> _PROBLEM REQUIREMENTS_:
Transcribe the full listing without changing a word, and omit its pictures.

> _GIVEN MATERIAL_:
....................
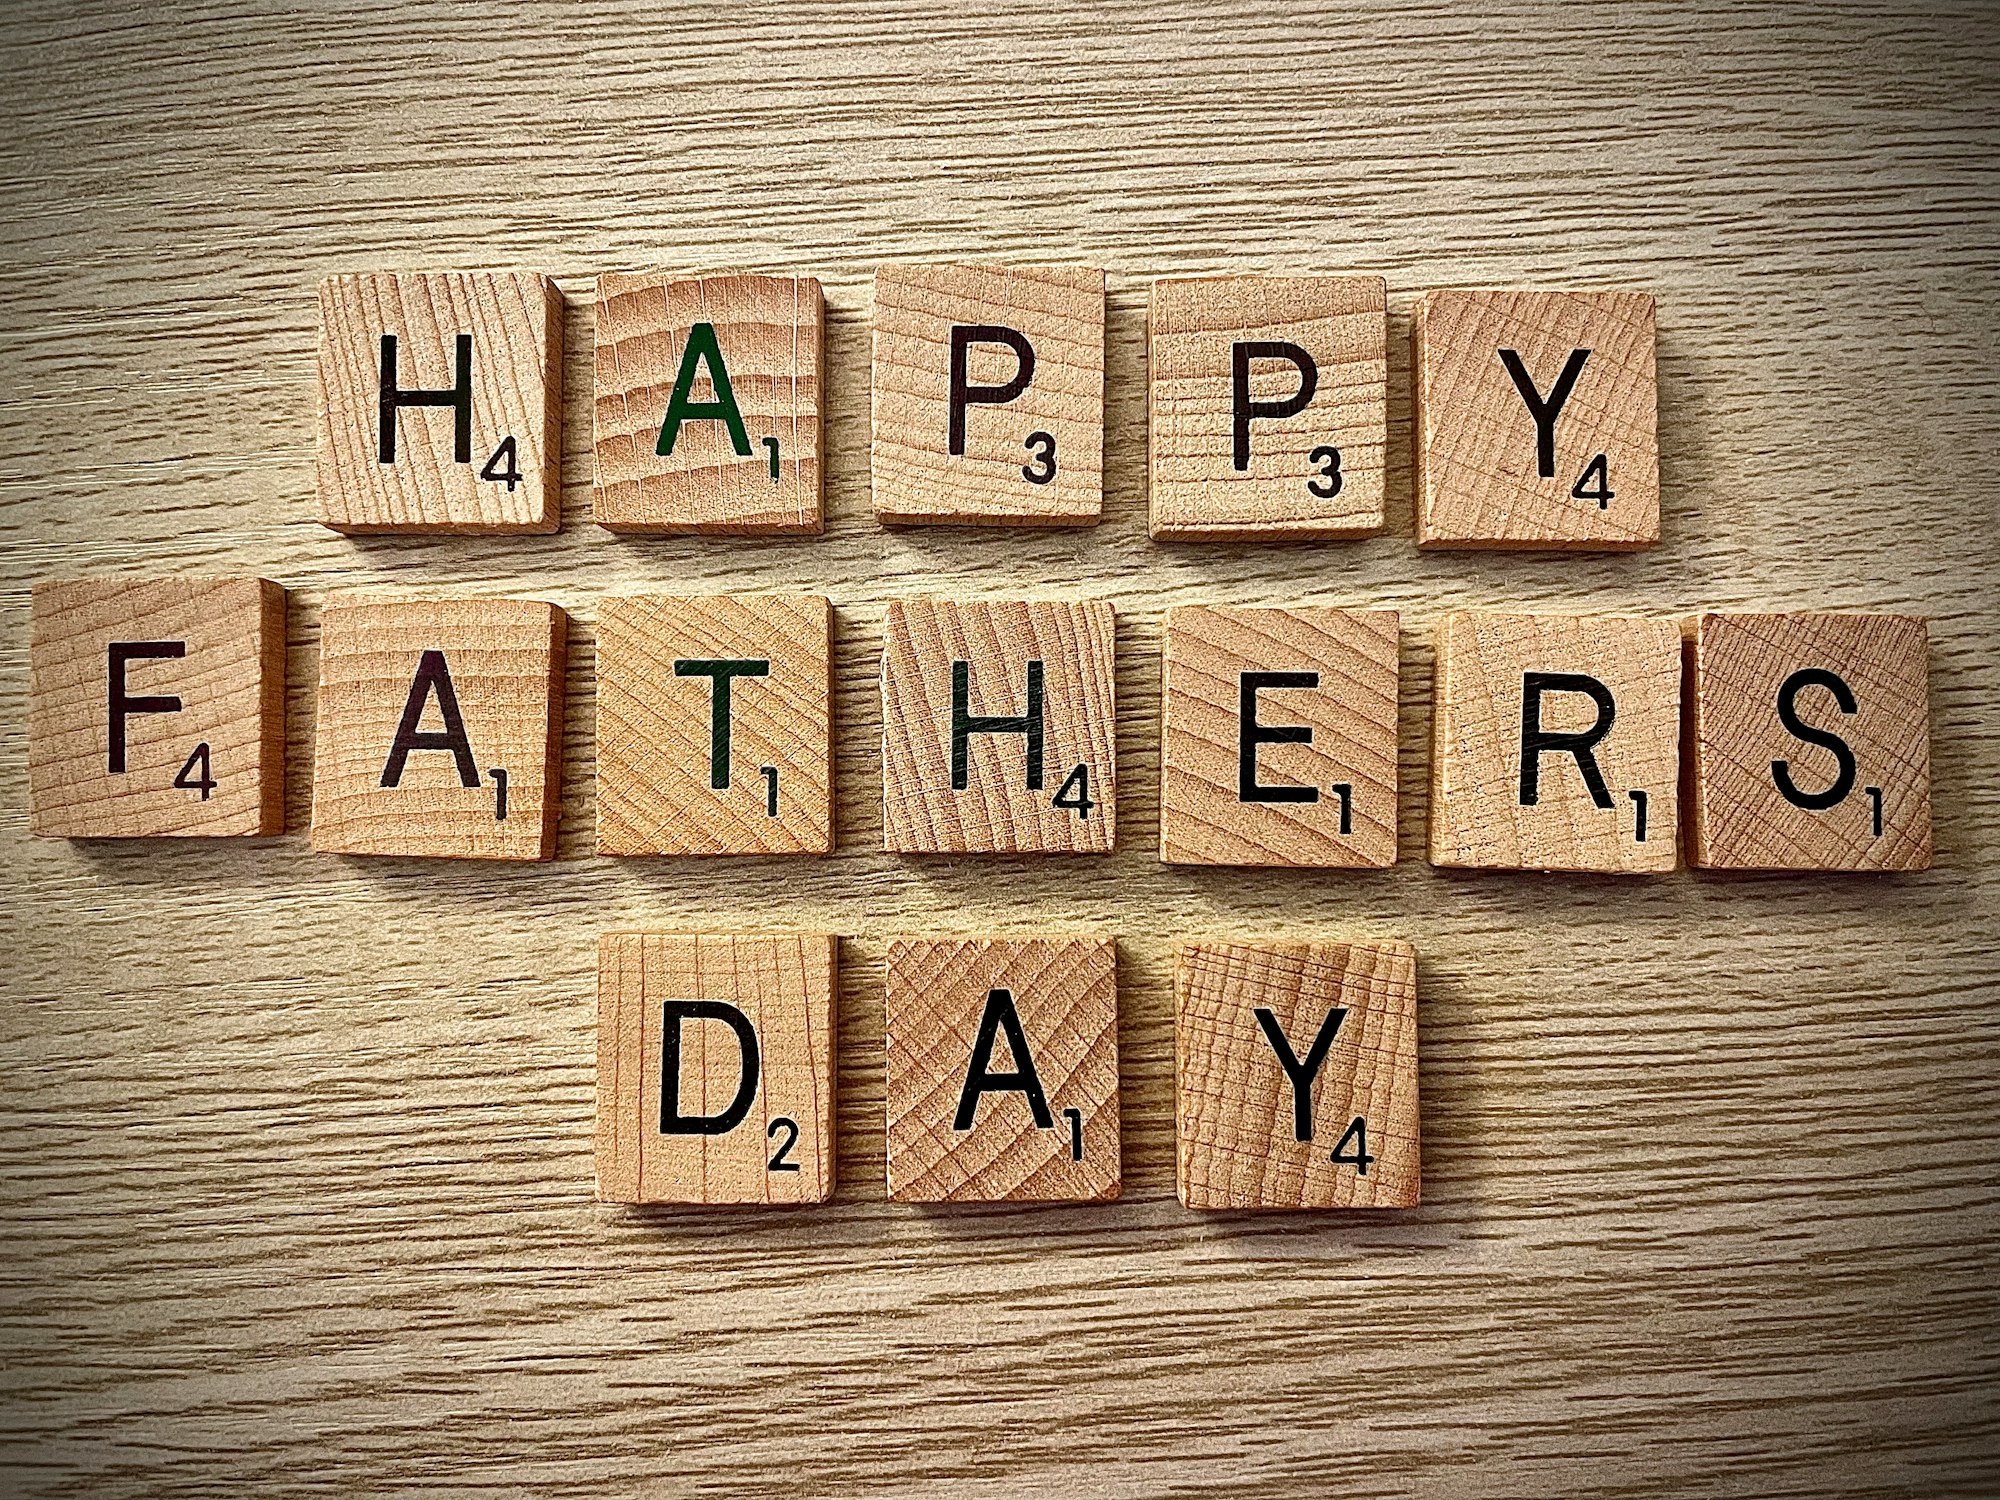 What Was The First Country To Celebrate Father's Day?
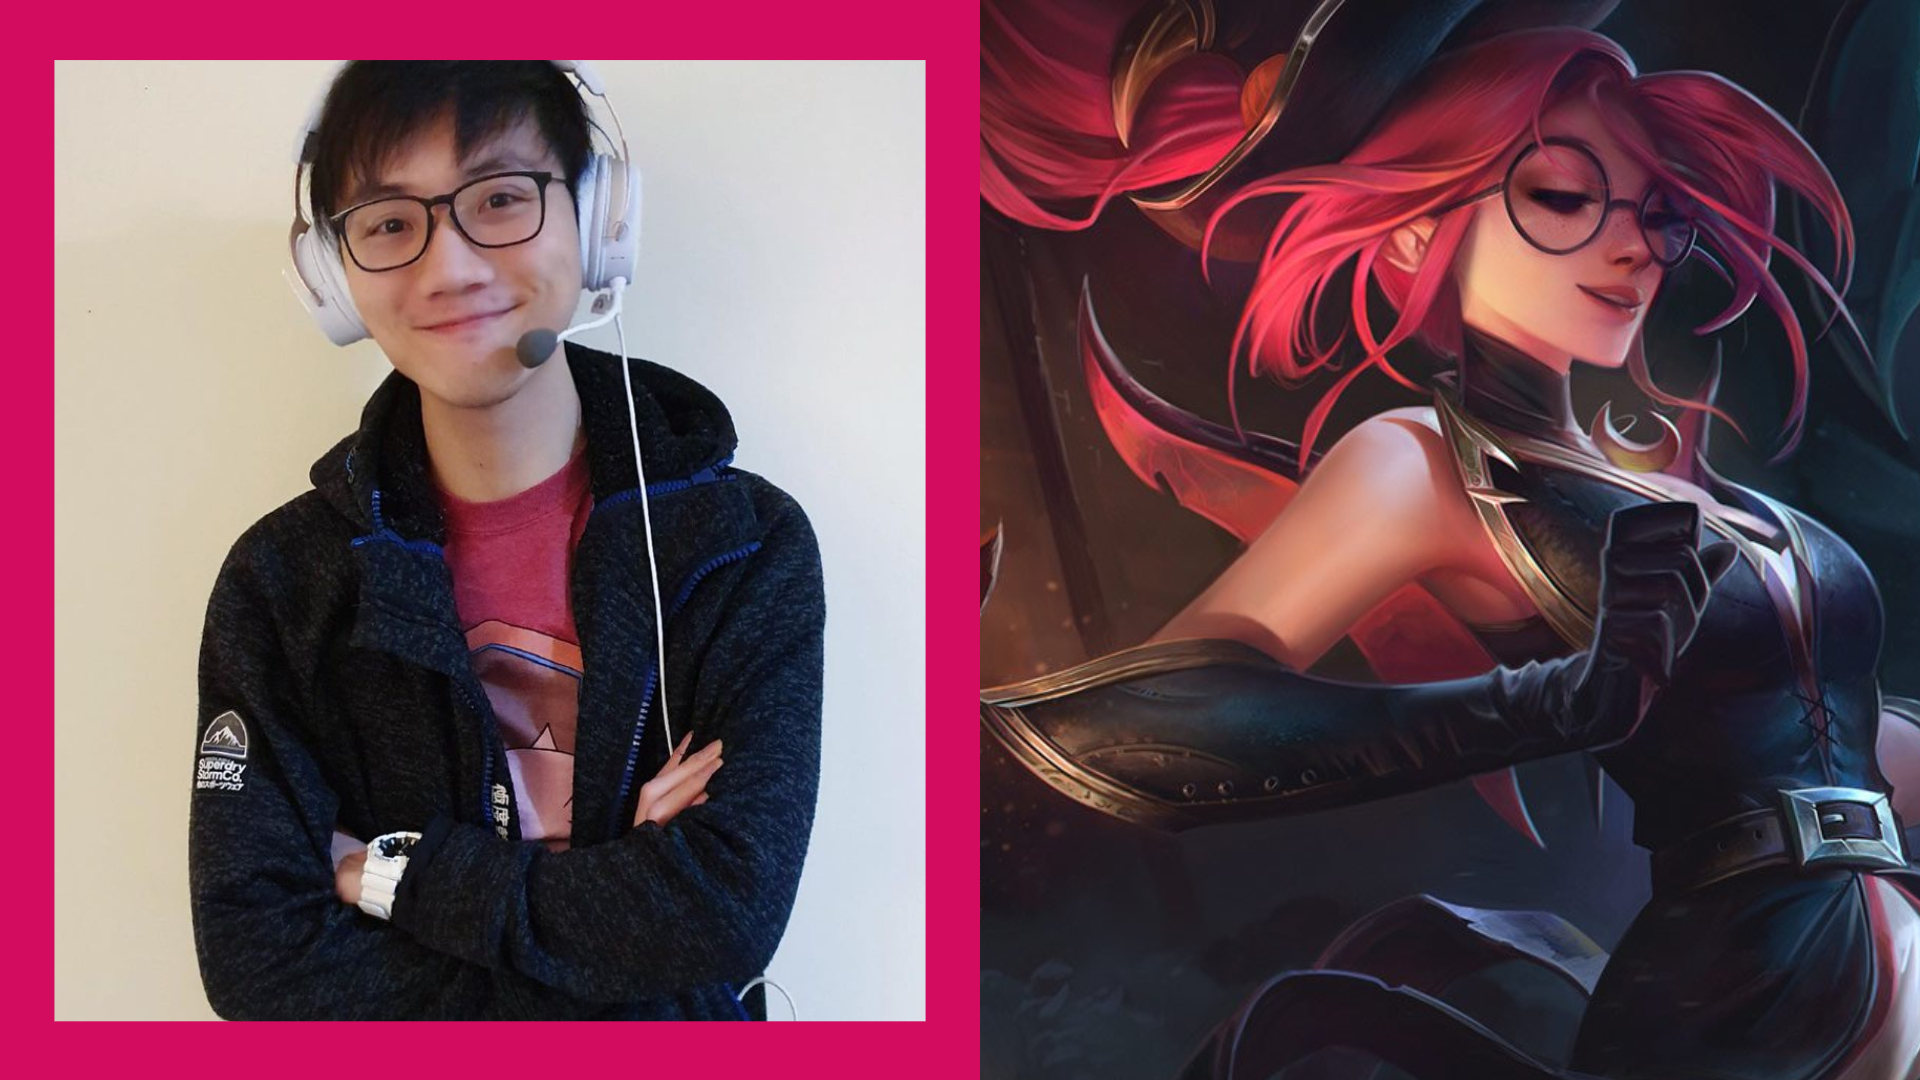 Twitch streamer BoxBox programmed a bot to play Janna in League of
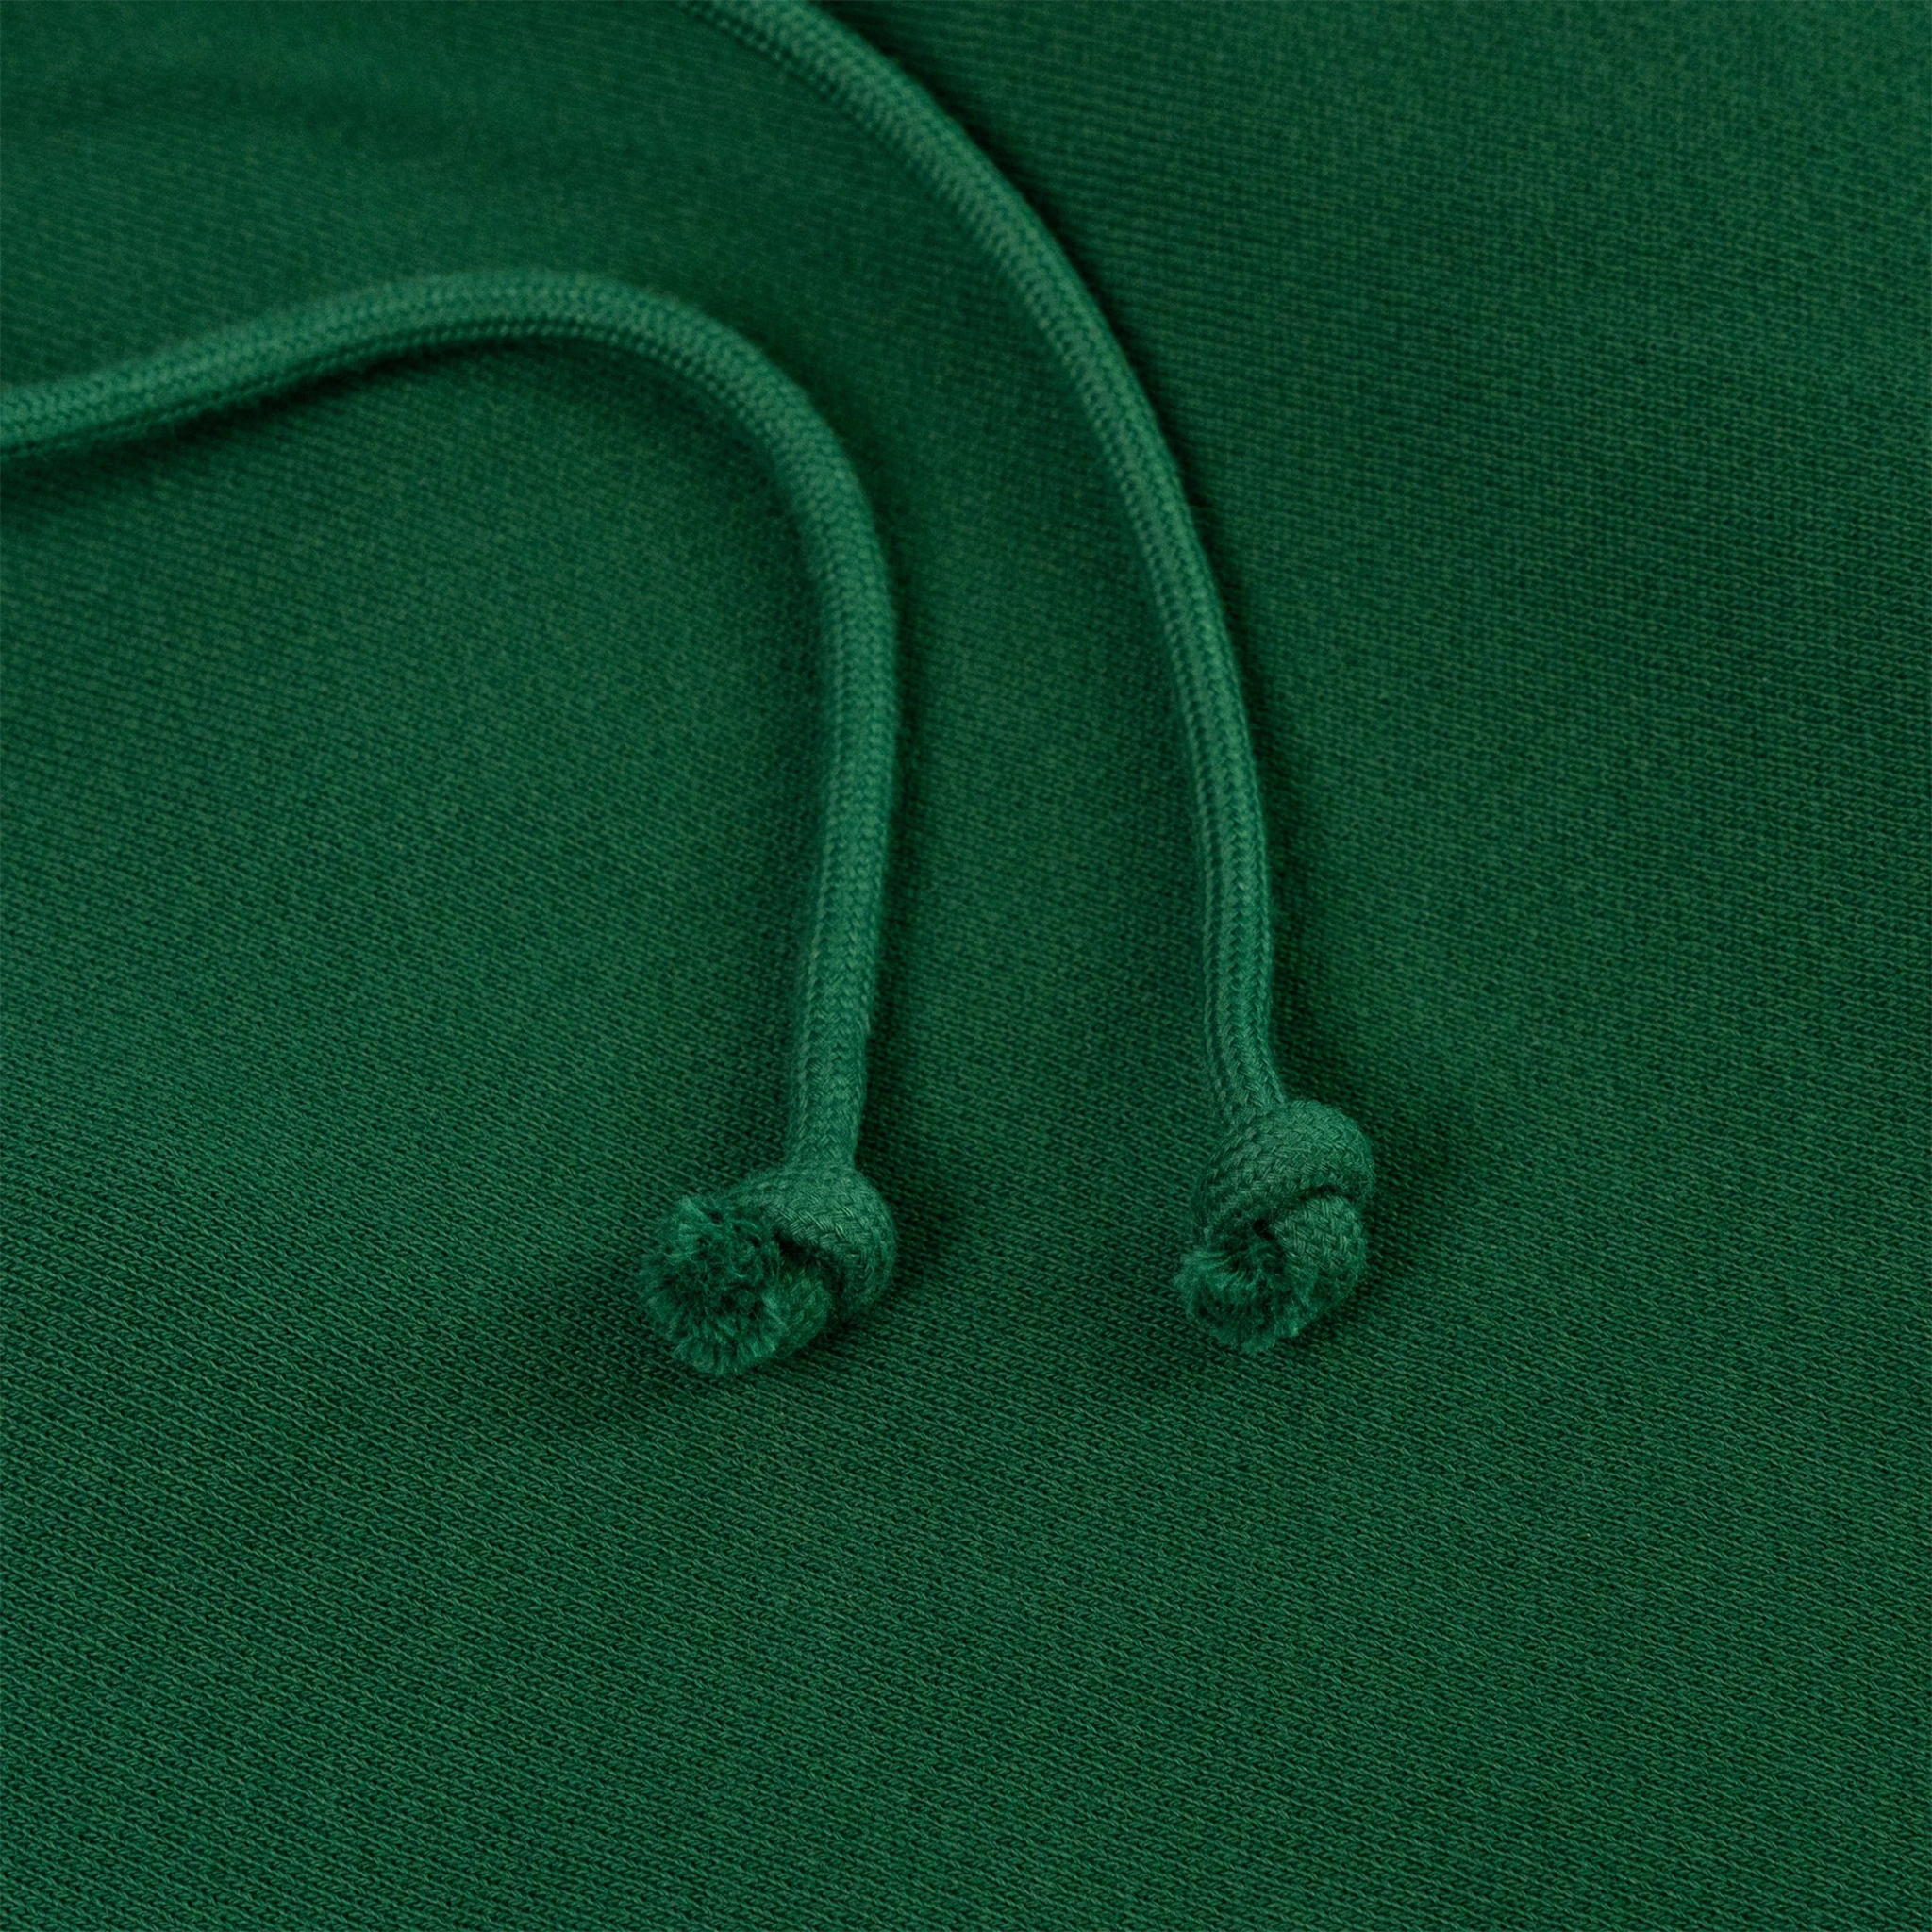 Strings view of Eric Emanuel EE Basic Green White Sweatpants
....................
> _ANSWER FOR THE TASK_:
 What Was The First Country To Celebrate Father's Day?
 Twitch streamer BoxBox programmed a bot to play Janna in League of
 Strings view of Eric Emanuel EE Basic Green White Sweatpants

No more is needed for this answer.